Updated on March 8, 2015

I can show you how to write amazing poetry.

Choose which type of poem you would like to write. This is how to do it:

How to Write a Cinquain

This is really easy and very effective.

A Cinquain has five lines which go like this:

Line 1: one word title

Line 2: two descriptive words

Line 3: three action words

Line 4: four feeling words

Line 5: one word which answers the question: 'When I think of the title, I think of ...'

So an example would be:

penguin

black, white

waddling, swimming, frolicking

a tuxedo in the icy water

emperor

or:

Snowman

Chubby, cheerful

Waiting, grinning, winking

Icy weather keeps him smiling

Winter

How to Write a Haiku

First of all - what is a Haiku?

Well it's a poem made of 17 un-rhymed syllables,

organised into 3 lines.

So it will look something like this:

The ravenous frog (5 syllables in the first line)

Squatting on a lily pad (7 syllables in the second)

Dreams of careless flies (5 syllables in the third)

Start with the thought.

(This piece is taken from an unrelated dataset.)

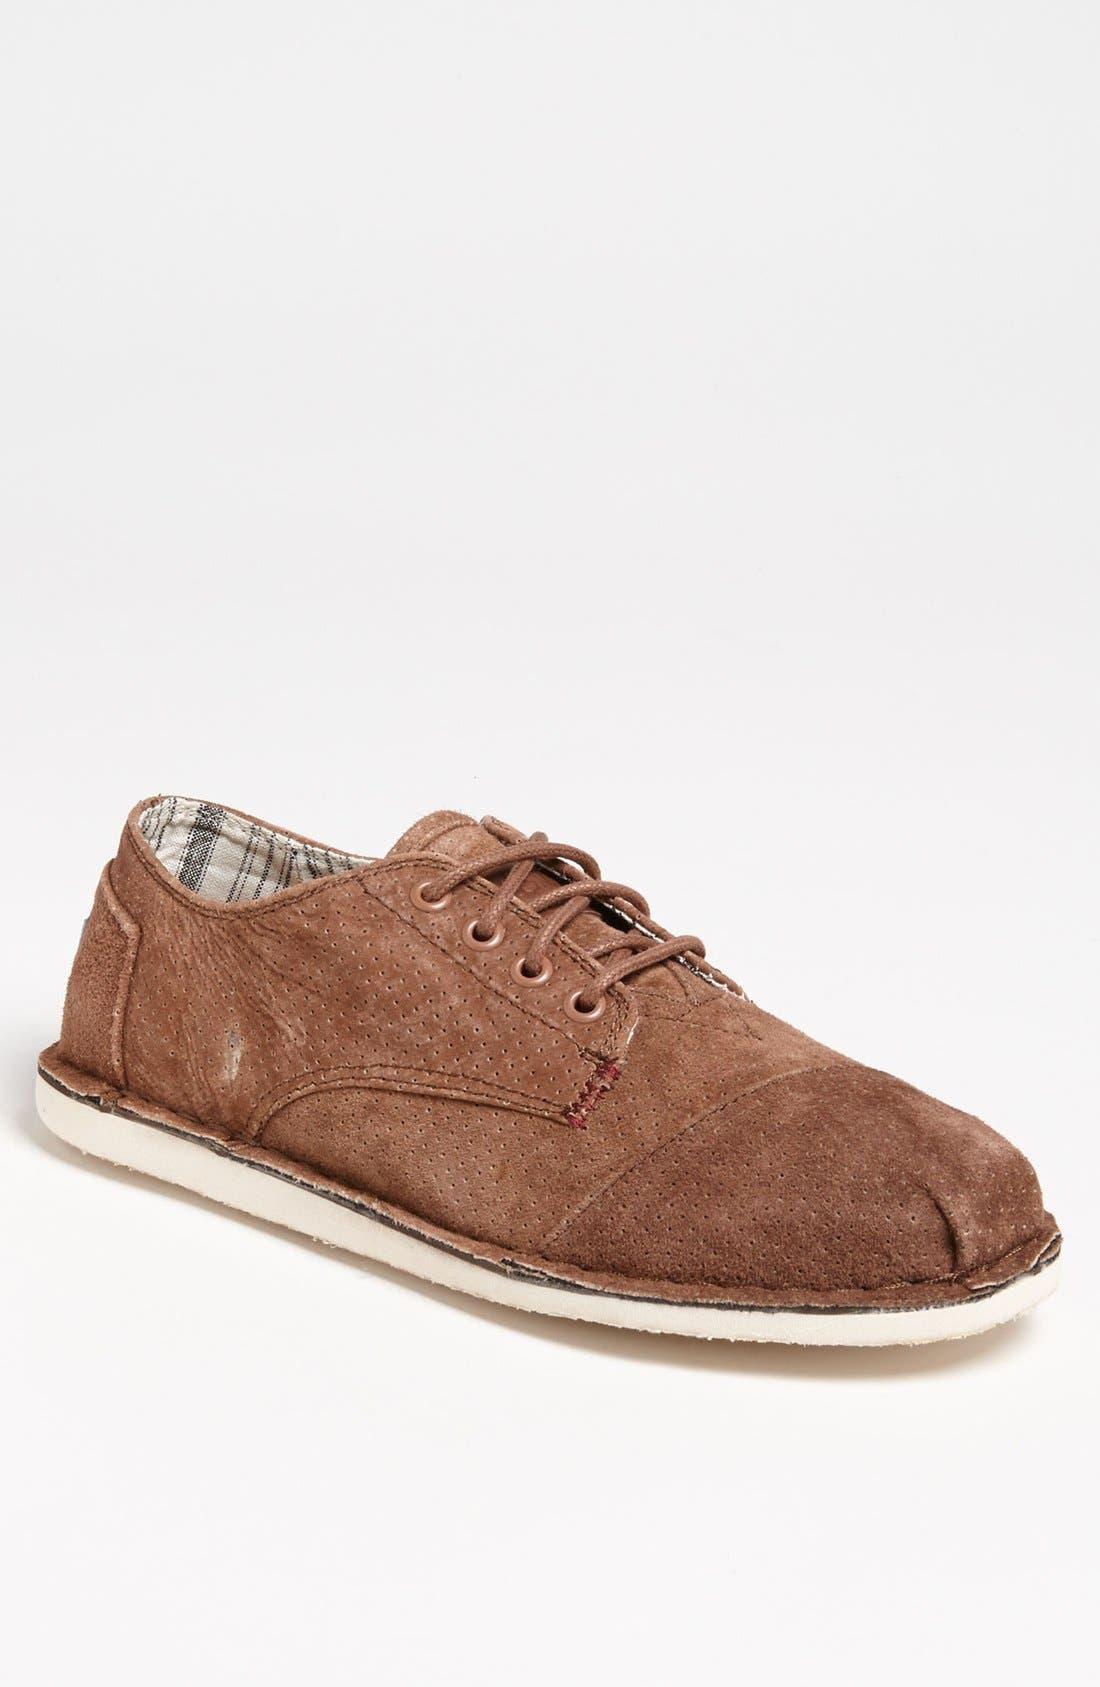 Alternate Image 1 Selected - TOMS 'Desert' Perforated Suede Sneaker (Men)

Most Haiku reflect some elements of nature. They express a moment of beauty, which prompts you to think about our wonderful world.

A good starting point is to have three questions to ask yourself:

1. Where it happens eg., On the branch above

2. What is happening eg., Song-thrush sings his lonely song

3. When it happens eg., To the cool morning

So your haiku is:

On the branch above

Song-thrush sings his lonely song

To the cool morning

When you've got your idea, it's easy to adjust the syllable count to make it fit the

5 - 7 - 5 structure.

Just begin with the thought and adjust the syllables later. The strict structure ensures that you cut out all unnecessary words and you end up with a really rich poem, full of expression.

How to Write a Limerick

The origin of the actual word 'Limerick' is not clear, thought it's generally taken to be a reference to the city of Limerick, in Ireland.

The limerick's rhyme scheme is a-a-b-b-a. In other words, the first, second and fifth lines all rhyme with one another; the third and fourth lines have their own rhyme.

The meter is also very strict. You will know it well!

Da DA da - da DA da - da DAA

Da DA da - da DA da - da DAA

Da DA da da DAA

Da DA da da DAA

Da DA da, da DA da, da DAA

E.g.,

There was an old man of the coast

Who gingerly sat on a post

But when it got cold

He relinquished his hold

And called for some hot, buttered toast.

Limericks are often a bit naughty and sometimes quite rude. That's what makes them good fun.

How to Write a Sonnet

The theme of a sonnet is often love, but modern sonnets can be about almost anything.

Divide the sonnet into two parts so that the second part comes to some sort of a conclusion.

A sonnet has 14 lines, with a formal rhyming pattern.

eg:

ABAB CDCD EFEF GG

The stresses of the lines should be in iambic pentameter. This means that every other syllable is stressed and each line ends with a strong rhyme.

There are 10 syllables in each line.

The ninth line of the sonnet usually changes tone or direction in the poem.

Hint: If you take your time and think of all possible words or feelings about a specific topic, and then change the words and thoughts into iambic pentameter, then you can write a better

sonnet. Once you have come up with the topic of the sonnet, make a list of words that you feel best fit the mood of the poem, then make a list of words that rhyme with those words. A thesaurus is a handy tool when writing sonnets.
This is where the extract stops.